Table 1 contains the results from regressing time varying pass-through on a set of variables. Standard errors are clustered by time and country.Footnote 1 Several subsamples are studied: The inflation targeting period 1993–2021, observations with inflation below 1observations with exchange rate appreciations.

Table 1 Time varying pass through and macro variables

Consistent with previous studies, we find that exchange rate pass-through increases with domestic inflation for the full sample as well as for the inflation targeting period. However, this relationship disappears when observations with low inflation are isolated. Higher inflation variance is also associated with higher exchange rate pass-through, which is consistent with the model of Devereux and Yetman (2010) as well as with previous studies (Ozkan & Erden, 2015). Previous results are mixed concerning the volatility of exchange rates as Campa and Goldberg (2005) find a positive association and Ozkan and Erden (2015) a negative. For our data, the volatility of exchange rate shocks has a significant relationship to pass-through only for the sample 1993–2021 and observations with low inflation.

Higher persistence of exchange rate shocks increases pass-through in theory if prices are sticky because of adjustment costs or time dependent pricing rules. This relationship is significant for two subsamples: Observations with low inflation and observations with exchange rate appreciations. Consistent with theory and previous studies, pass-through consistently has a negative relationship to openness and a positive relationship to the change of the exchange rate. The latter finding implies that depreciations are passed through to domestic prices to a higher degree than appreciations, which makes sense given that prices are increased regularly as long as the inflation rate is positive.

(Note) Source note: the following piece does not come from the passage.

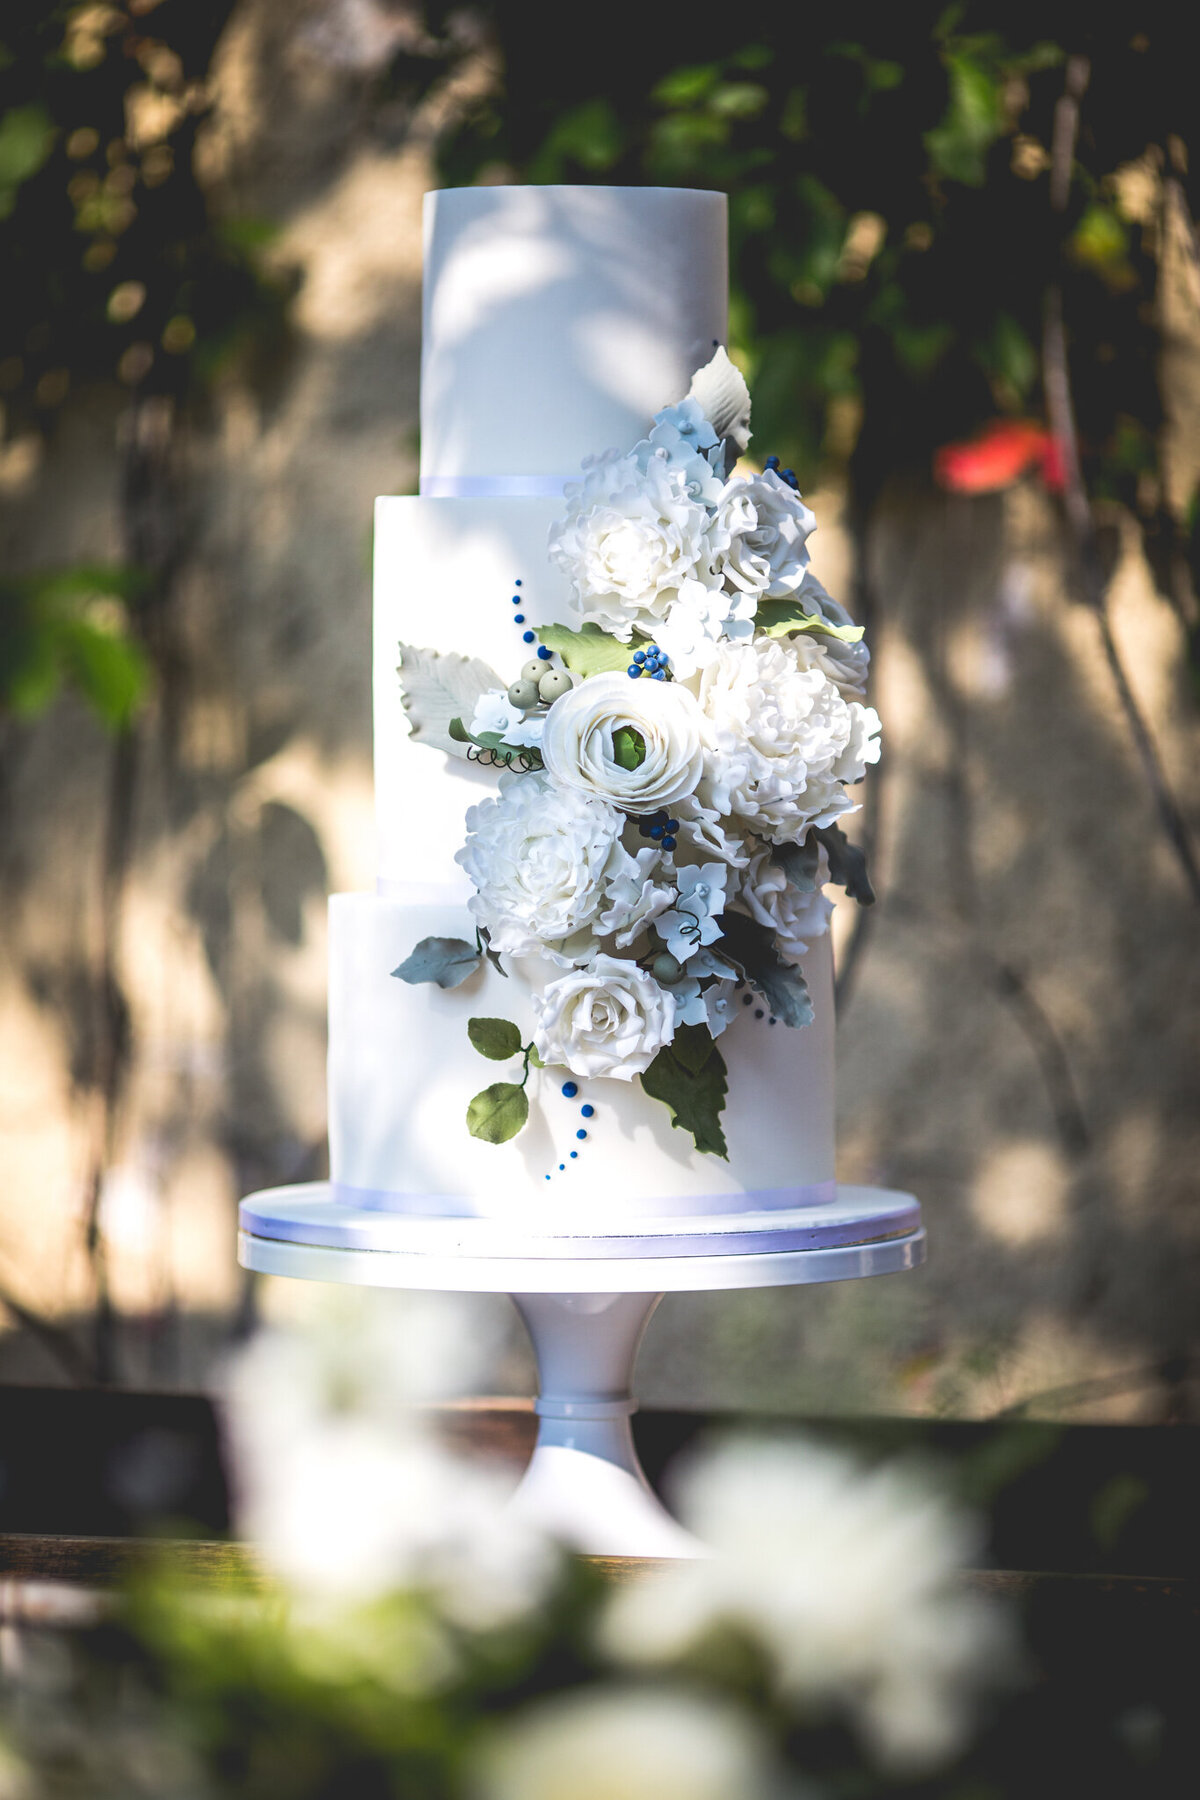 Elegant and romantic, three-tiered wedding cake with blue and purple  cascading florals, by Yvonne's Delightful Cakes, classic cakes & desserts in Calgary, Alberta, featured on the Brontë Bride Vendor Guide.

Aggregate demand as measured by the output gap enters with positive coefficients throughout Table 1 and the relationship is significant for the for the full sample as well as for the 1993–2021 period. Previous empirical evidence is mixed as Brun-Aguerre et al. (2012) documents a negative relationship between the output gap and pass-through, while Delatte and López-Villavicencio (2012) have different results for different currency pairs. The final column shows that the results are qualitatively unchanged when only the properties of the nominal exchange rate are included.

5 Conclusions

We estimate the pass-through of nominal exchange rate shocks to domestic prices using Bayesian VAR models with time-varying parameters and stochastic volatility. The time varying pass-through coefficients are then regressed on a set of macroeconomic variables. Allowing continuous time variation provides more information on the behavior of pass-through than cross country regressions and/or split sample estimation, which is used in most previous studies.

The level of inflation displays a positive effect for the full sample, but not for any of the subsamples. Instead, we systematically find positive relationships between exchange rate pass-through and the variance and persistence of shocks to domestic prices. Exchange rate persistence is associated high pass-through only for observations with exchange rate appreciations or low inflation. The effect of persistence of inflation is also much stronger for these two subsamples. Aggregate demand has a significant positive relationship to pass-through for the full sample as well as for the 1993–2021 period. Overall, we find that the pass-through of exchange rates to import prices varies considerably over time in a manner which is consistent with microeconomic pricing models and macroeconomic theory.